Records shown |
>>>>

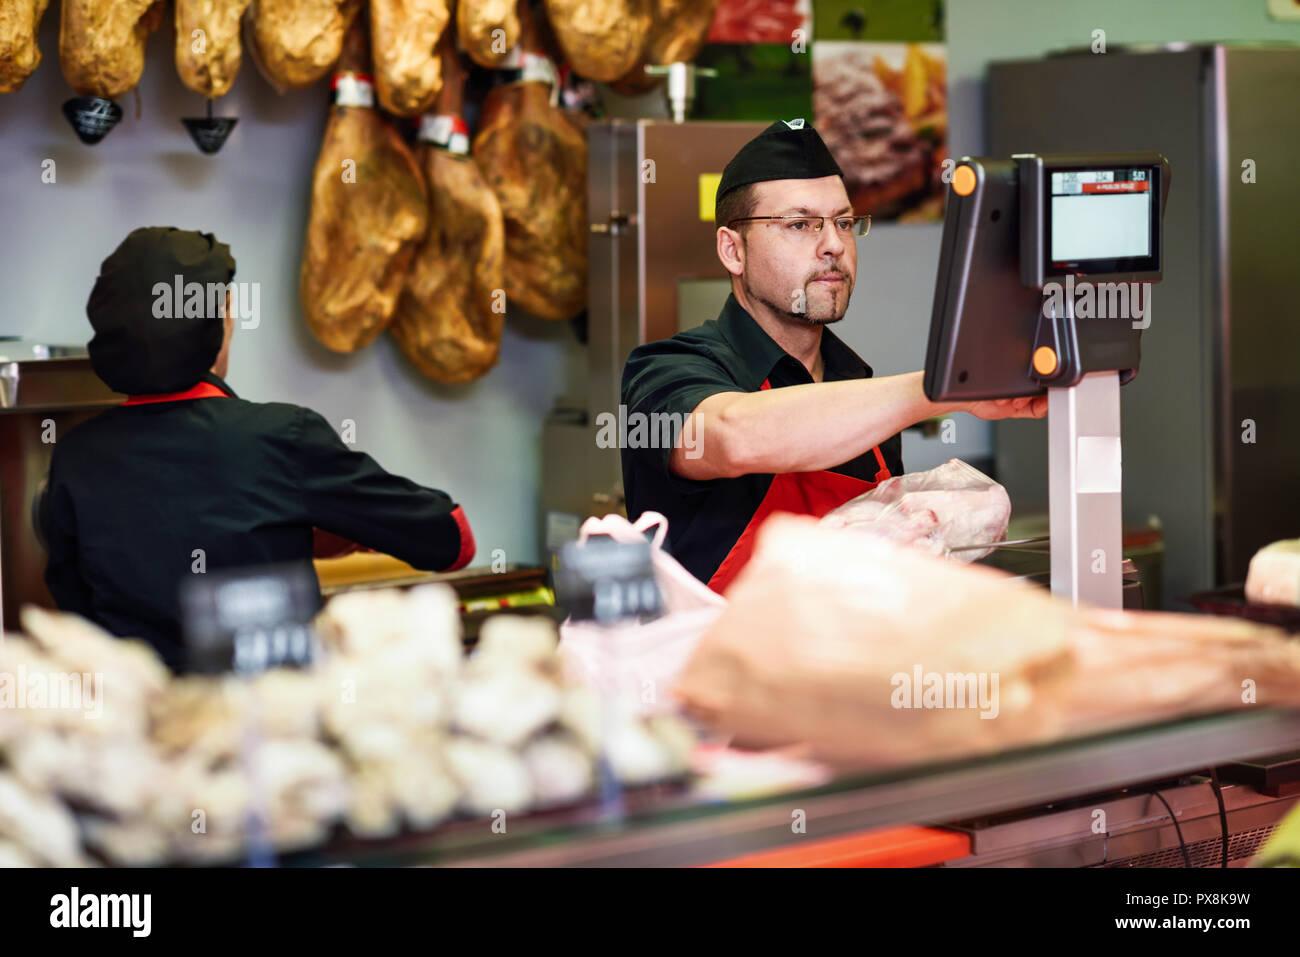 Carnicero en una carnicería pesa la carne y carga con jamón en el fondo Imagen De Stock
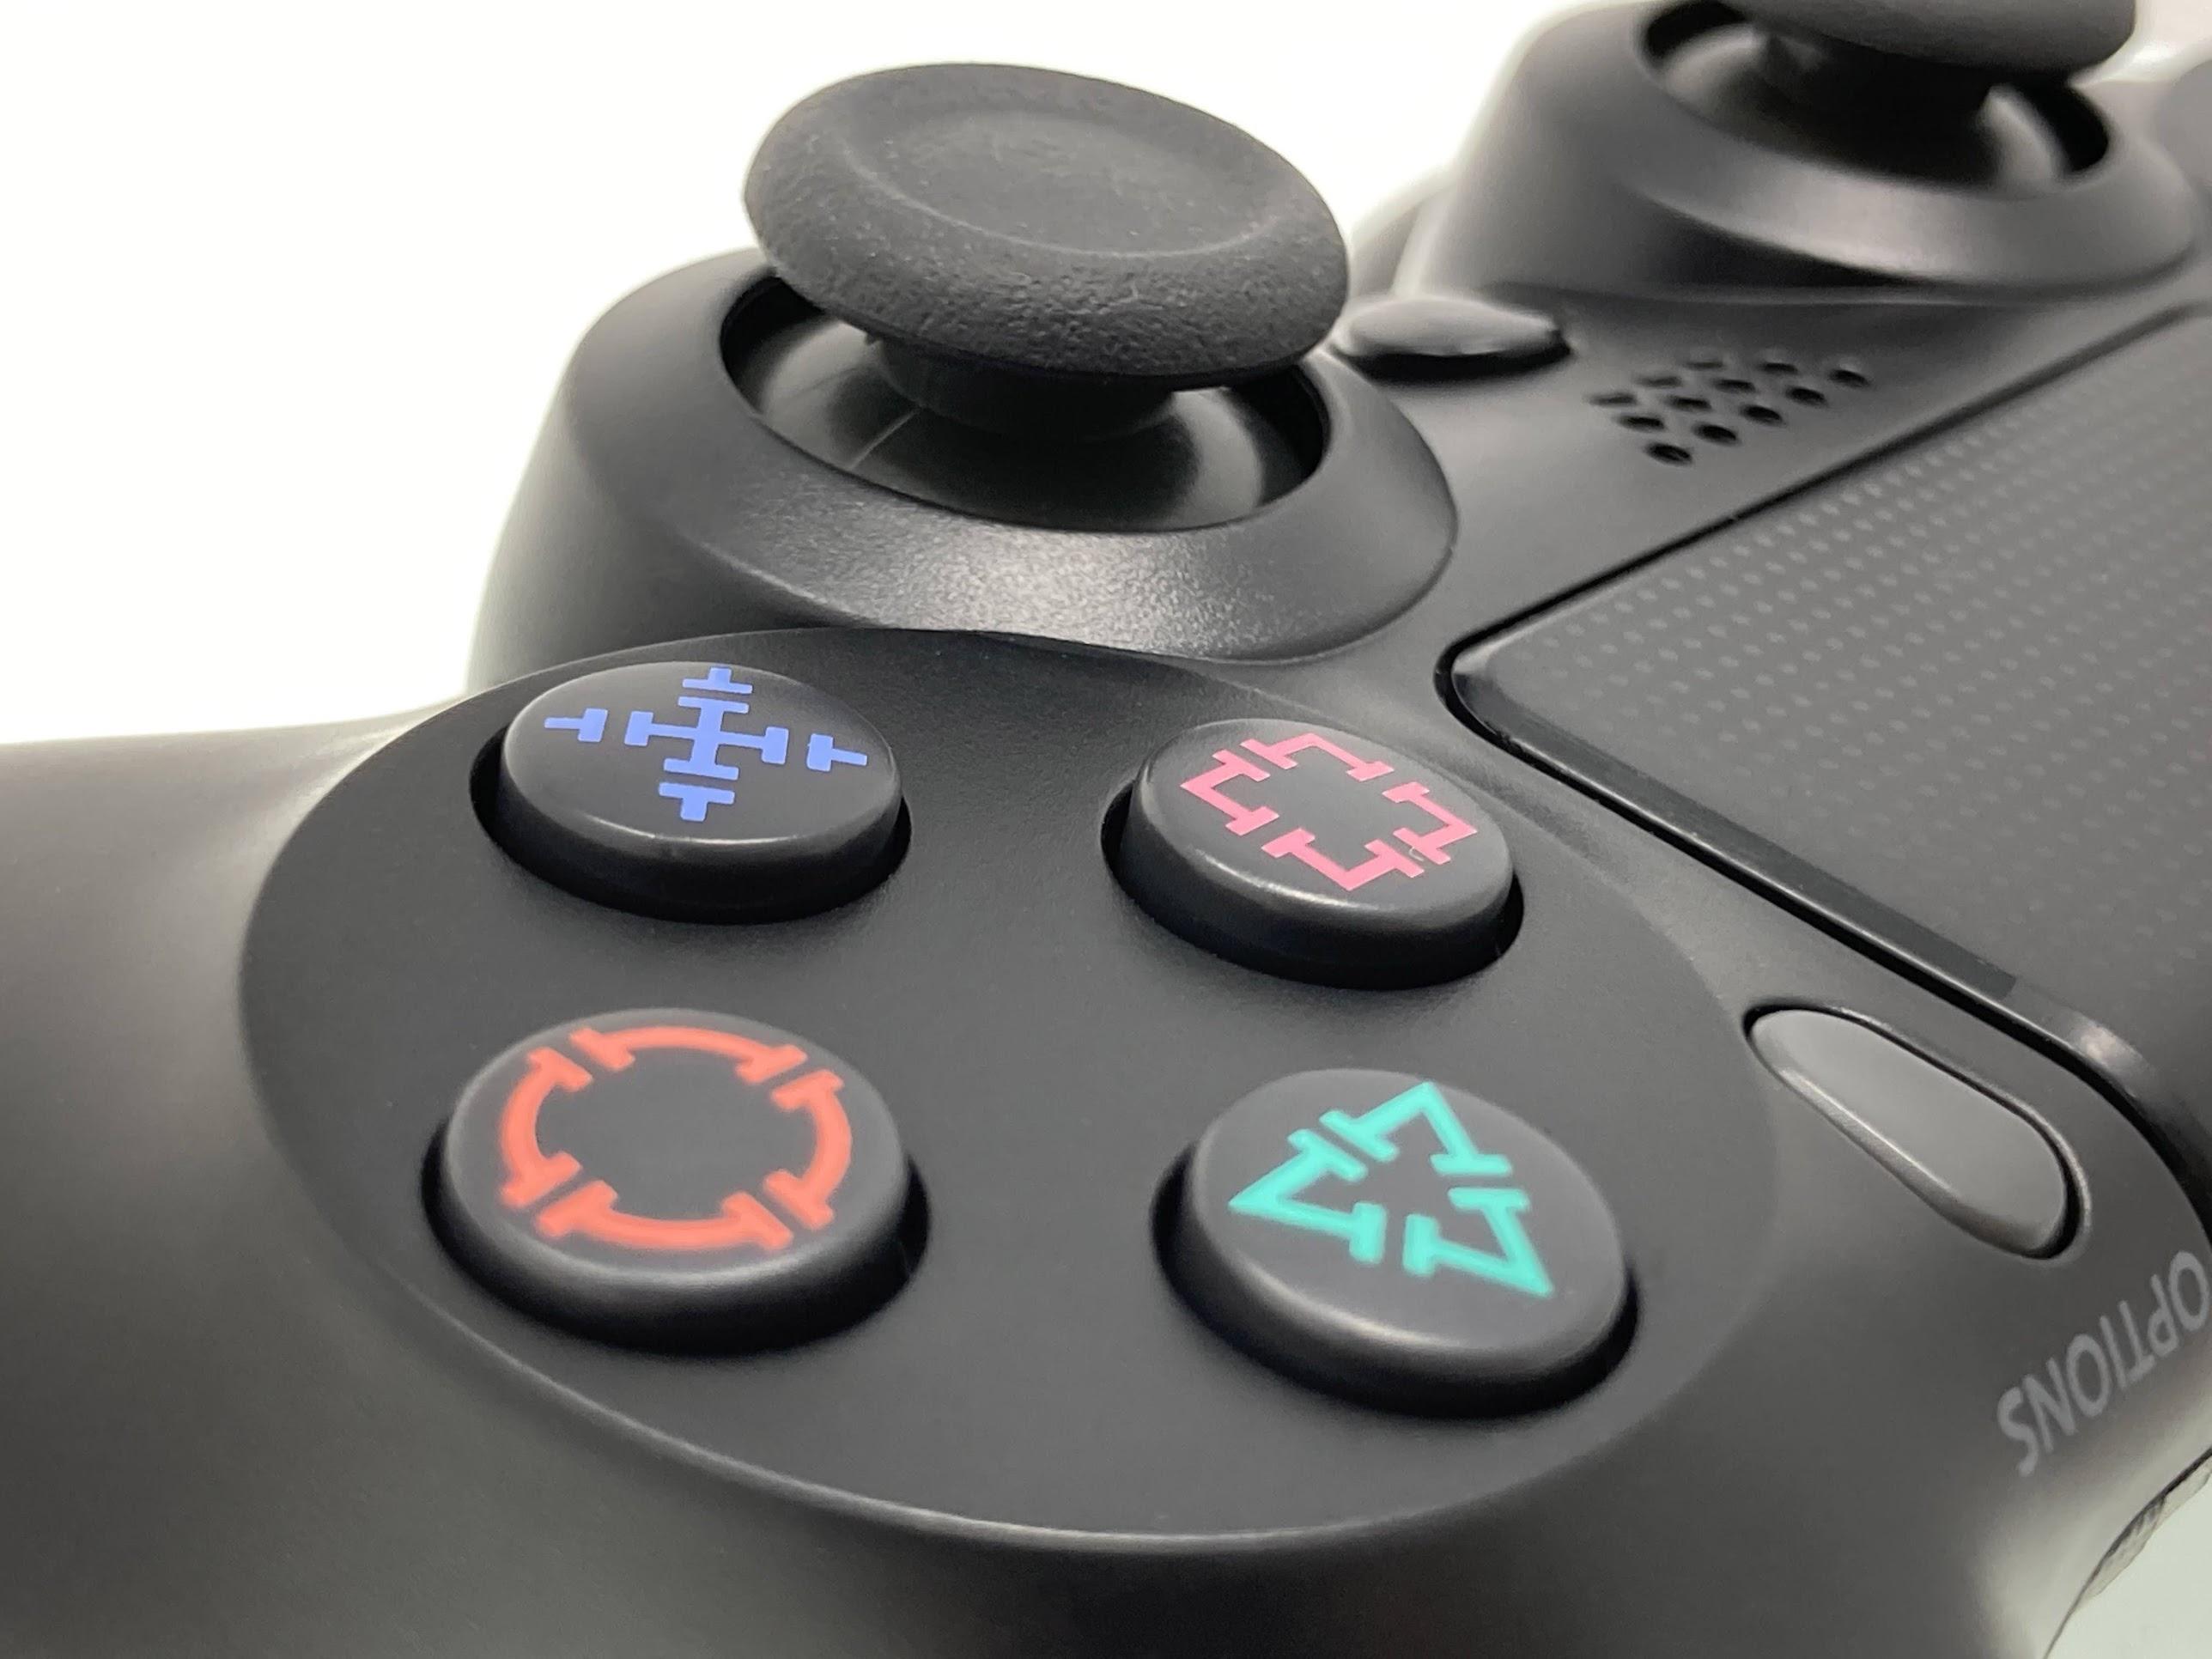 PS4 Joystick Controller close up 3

<<<<
>>>>

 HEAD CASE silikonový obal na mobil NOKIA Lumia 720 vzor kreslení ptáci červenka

<<<<

Exact repeat of the material above: every line from the one with "Carnicero en una" through the one with "PS4 Joystick Controller close up 3", endpoints included, and nothing more. No pictures.

Result for this exercise |
 Carnicero en una carnicería pesa la carne y carga con jamón en el fondo Imagen De Stock
 PS4 Joystick Controller close up 3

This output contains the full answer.